Stating that telecom operator Jio will play an even bigger role in India's AI transformation, he said it will deliver intelligence to every citizen, every sector of the economy, every facet of social development, and every service of government. "Jio will do so with the same reliability, quality, scale, and extreme affordability that transformed connectivity. India cannot afford to rent intelligence. "Therefore, we will reduce the cost of intelligence as dramatically as we did the cost of data," he said. Jio Intelligence will build India's sovereign compute infrastructure, including gigawatt-scale data centres, up to 10 GW of ready green power, and an edge-compute layer, deeply integrated with Jio's network, which will make intelligence responsive, low-latency and affordable for everyone - from kirana stores to clinics, from classrooms to farms. Ambani outlined five guiding principles for Jio Intelligence: prioritising AI for deep-tech, manufacturing, and the informal sector; world-leading multilingual AI; responsibility, security and data residency; creating high-skill employment; and building a robust AI ecosystem with enterprises, startups, and research institutions. The group has already begun deploying AI applications for inclusive development, including JioShikshak for adaptive learning in 22 languages, JioArogyAI for rapid medical guidance, JioKrishi to help 140 million farmers increase yields, and JioBharatIQ, a voice-first AI assistant for education, employment, and government services. Ambani framed the effort as part of India's broader mission to lead the AI century and bridge the Global South and North. "Let us combine Intelligence with empathy and build a better future for all," he said, calling AI a tool to realise India's vision of Viksit Bharat by 2047.

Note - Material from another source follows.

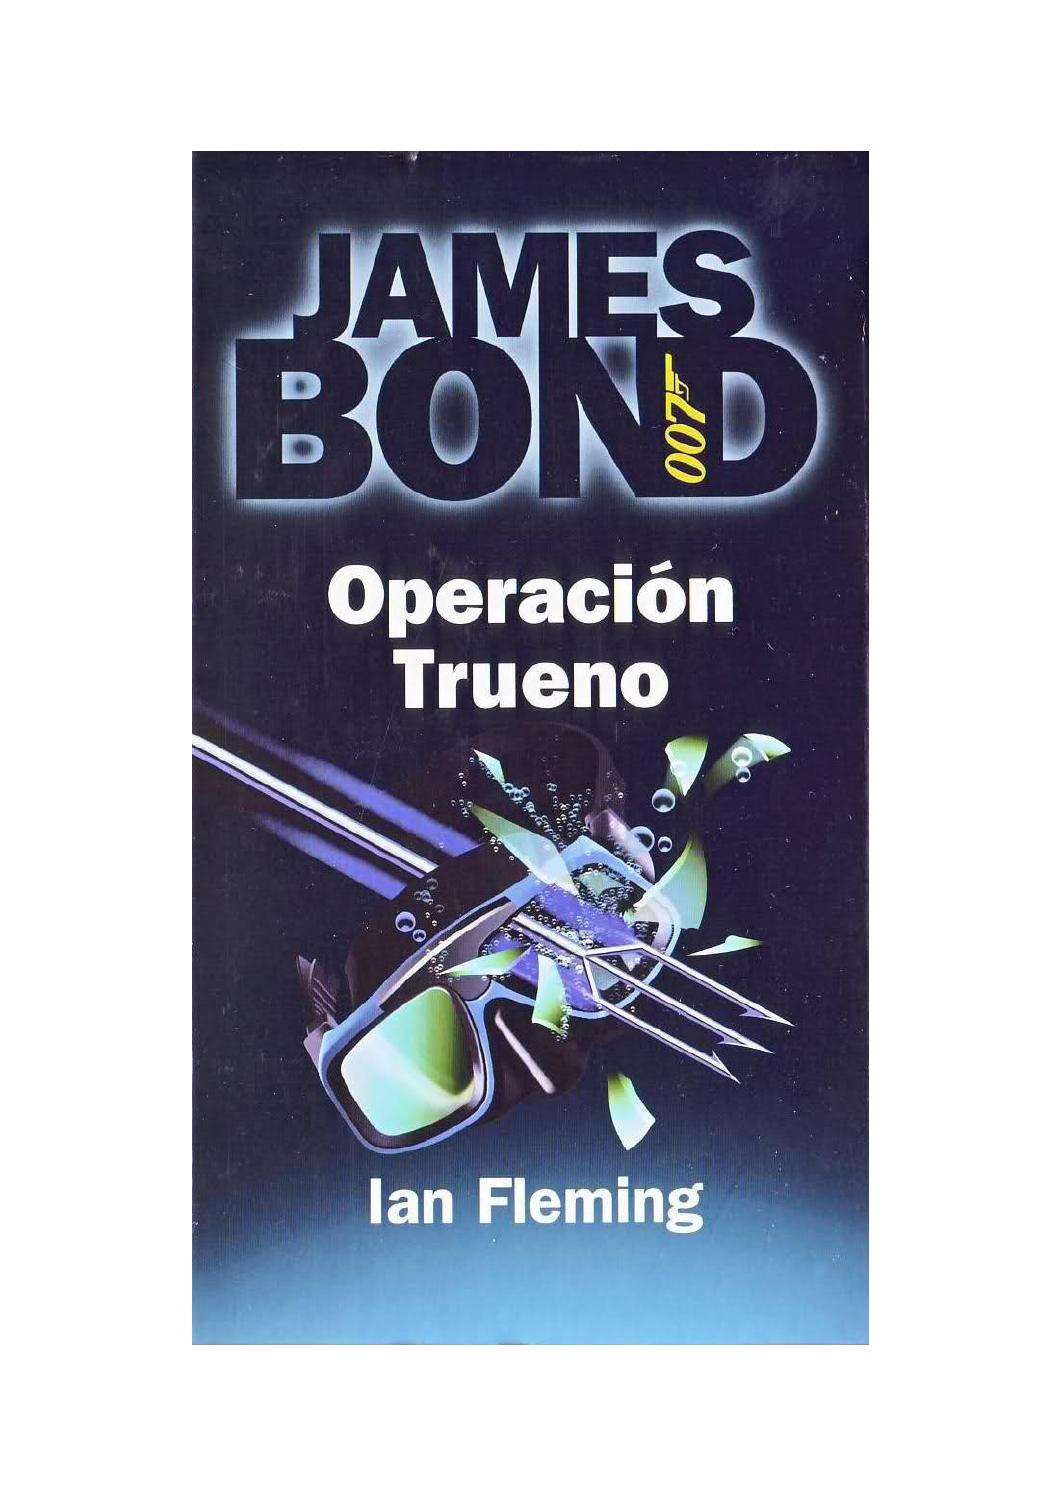 f49e7c62f7 Ian fleming 1961 operacion trueno by kalitpf - issuu
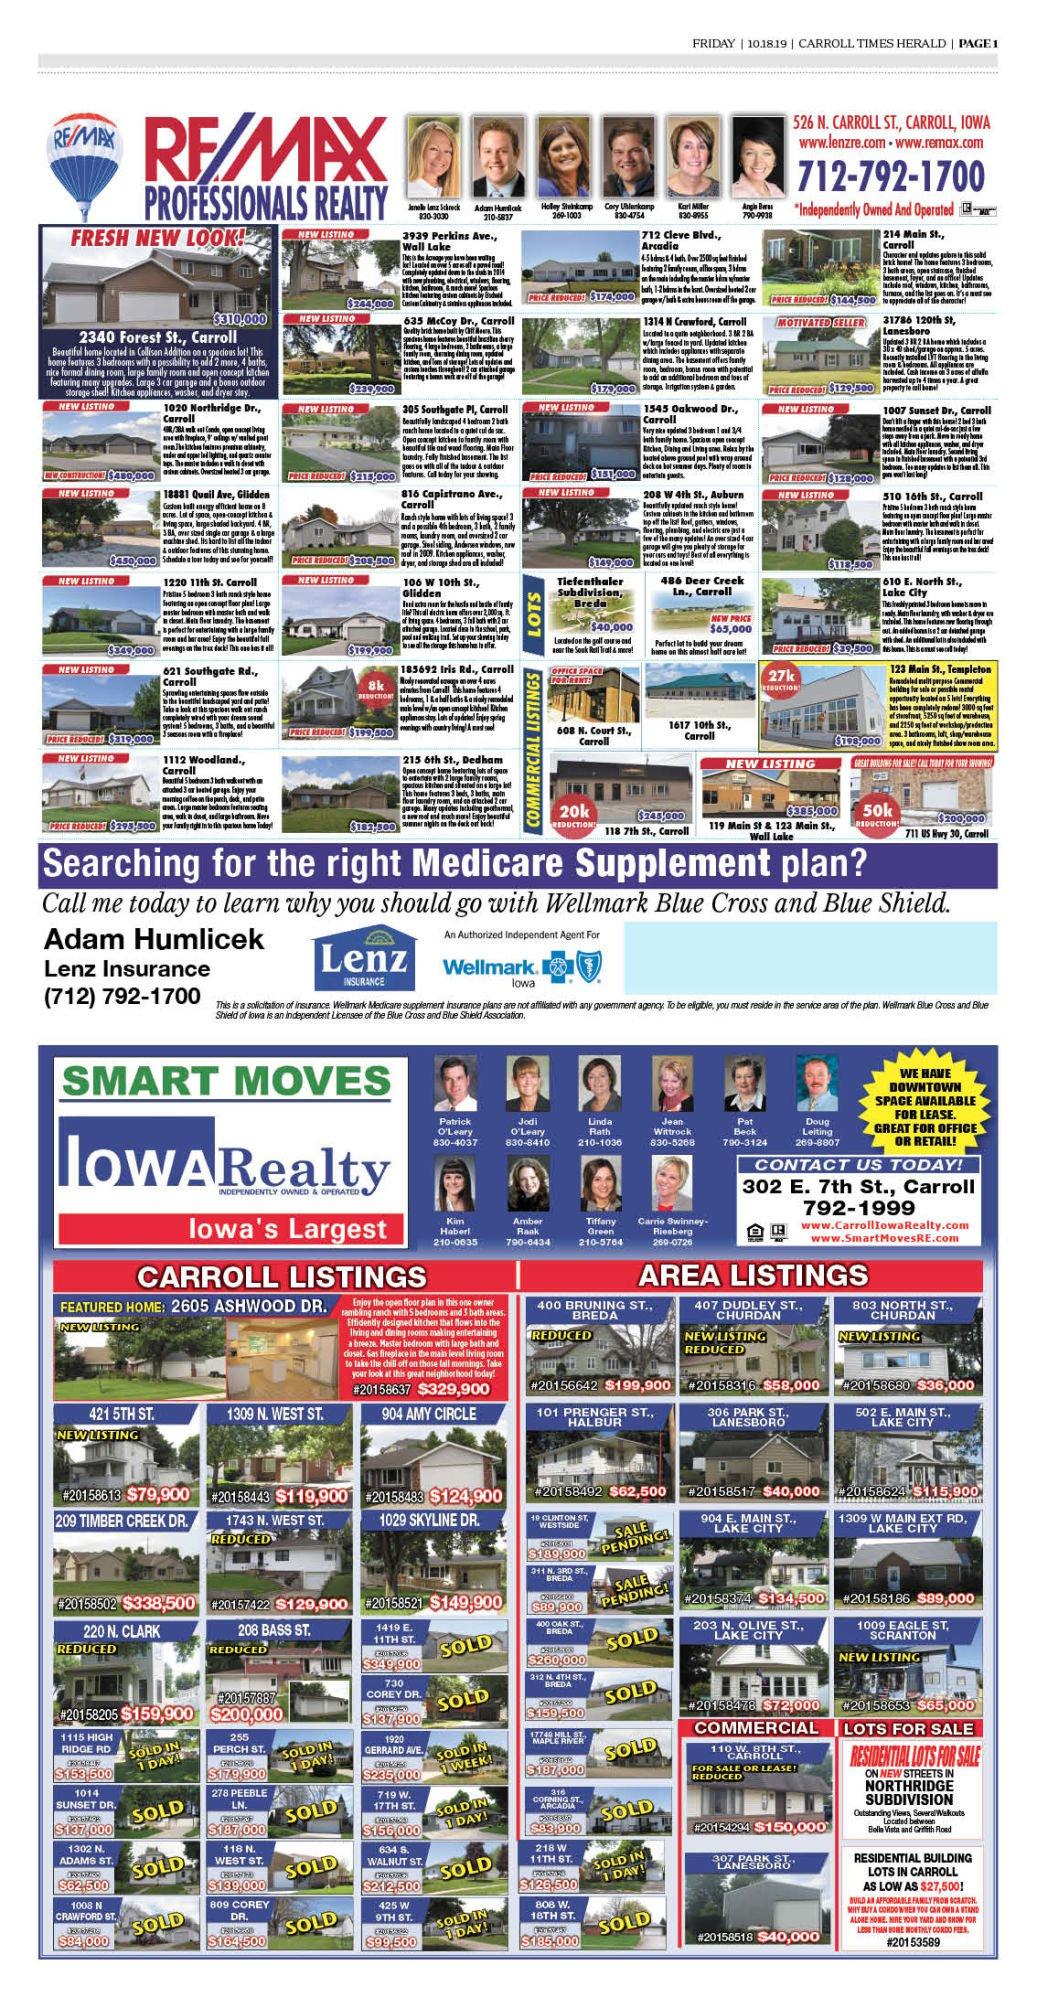 10-18-19 Real Estate1.jpg

Ambani said AI can usher in an era of super-abundance. "A world without poverty and a future of prosperity for all the eight billion people on our beautiful planet is now within sight, within reach." AI, he said, is not just another technology. For the first time, humans are creating human-like systems that can learn, speak, analyse, move and produce autonomously. "We are only at the dawn of this era. The best of AI is yet to come," he said. Ambani said that today, the world is debating a profound question: will AI concentrate power in the hands of a few or will it democratise opportunity for all? "Our polarised world stands at a fork. One path has led to a situation where AI is scarce and expensive; compute is concentrated; data is controlled; and capability is locked behind barriers of capital and geography in the Global North. In this dismal scenario, inequality widens - between nations, within societies, and across generations. "But there is another path. A future where AI is available, affordable and beneficial to all," he said. The latter is India's path. India, he said, will emerge as one of the greatest AI powers in the world in the 21st century. "In the coming decades... No country in the world can match India's strength in demography, democracy, development, digital infrastructure, data generation and AI harvest." He recounted India's successes - it is the world's largest mobile data consumer with nearly one billion internet users, with data costs among the lowest globally, over 12 billion digital transactions monthly and home to the top three startup ecosystems.